Presentation on theme: "Lipids 2 Phospholipids and Steroids. Phospholipids The structure of phospholipids is based on the structure of triglycerides but the third hydroxyl."— Presentation transcript:
Phospholipids The structure of phospholipids is based on the structure of triglycerides but the third hydroxyl group of the glycerol is linked to phosphoric acid which is often linked to a large polar group.
Phospholipids (cont’d.) The fatty acids which make up phospholipids have a consistent length of between 16 and 18 carbons. This allows them to form neat bilayers. Phospholipids are said to be amphipathic, having two very different sides to their nature.

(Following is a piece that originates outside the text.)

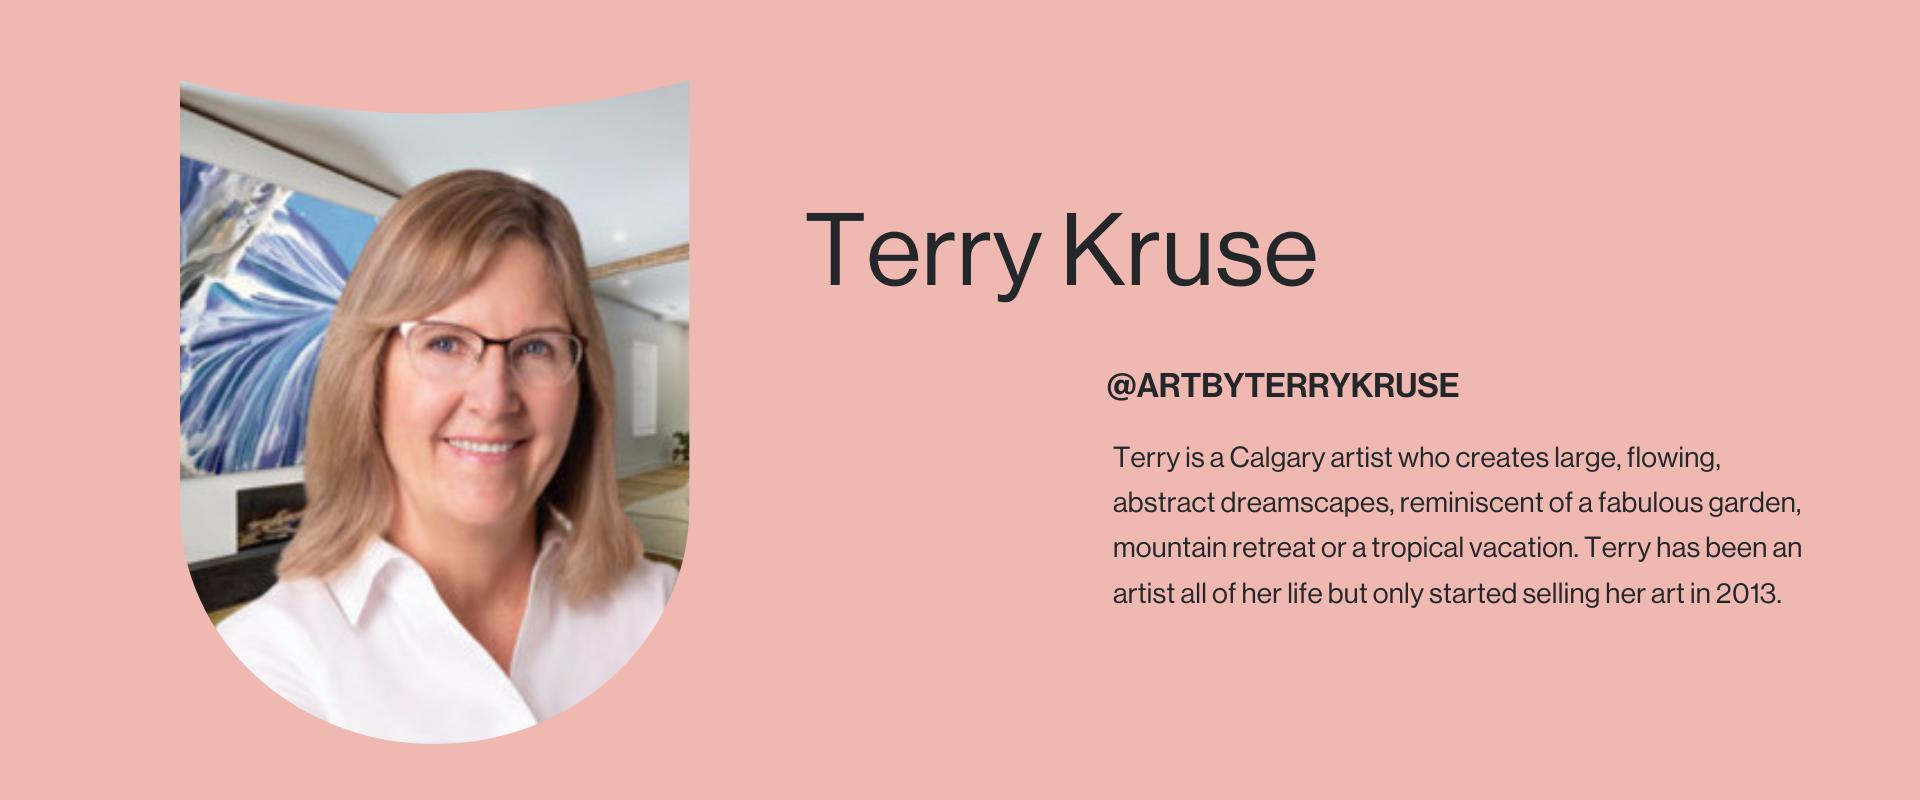 Artist Terry Kruse bio

Phospholipids (cont’d.) The ‘head’ containing the polar group and the phosphate group has polar covalent bonds. It is slightly charged and attracts water, i.e. it is hydrophilic. The ‘tail’ containing the long hydrocarbon group which is non-polar covalent. It is not charged and repels water, i.e. it is hydrophobic. Hydrophilic portion Hydrophobic portion
Phospholipids (cont’d.) The amphipathic nature of phospholipids is important in the formation of bilayers such as cell membranes. The hydrophilic groups line up on the outside faces of the membrane. The hydrophobic portions are arranged within the membrane.
Phospholipids (cont’d.) Phospholipids may have fatty acids which are saturated or unsaturated. This affects the properties of the resulting bilayer/cell membrane: Most membranes have phospholipids derived from unsaturated fatty acids. Unsaturated fatty acids add fluidity to a bilayer since ‘kinked’ tails do not pack tightly together. Phospholipids derived from unsaturated phospholipids allow faster transport of substances across the bilayer.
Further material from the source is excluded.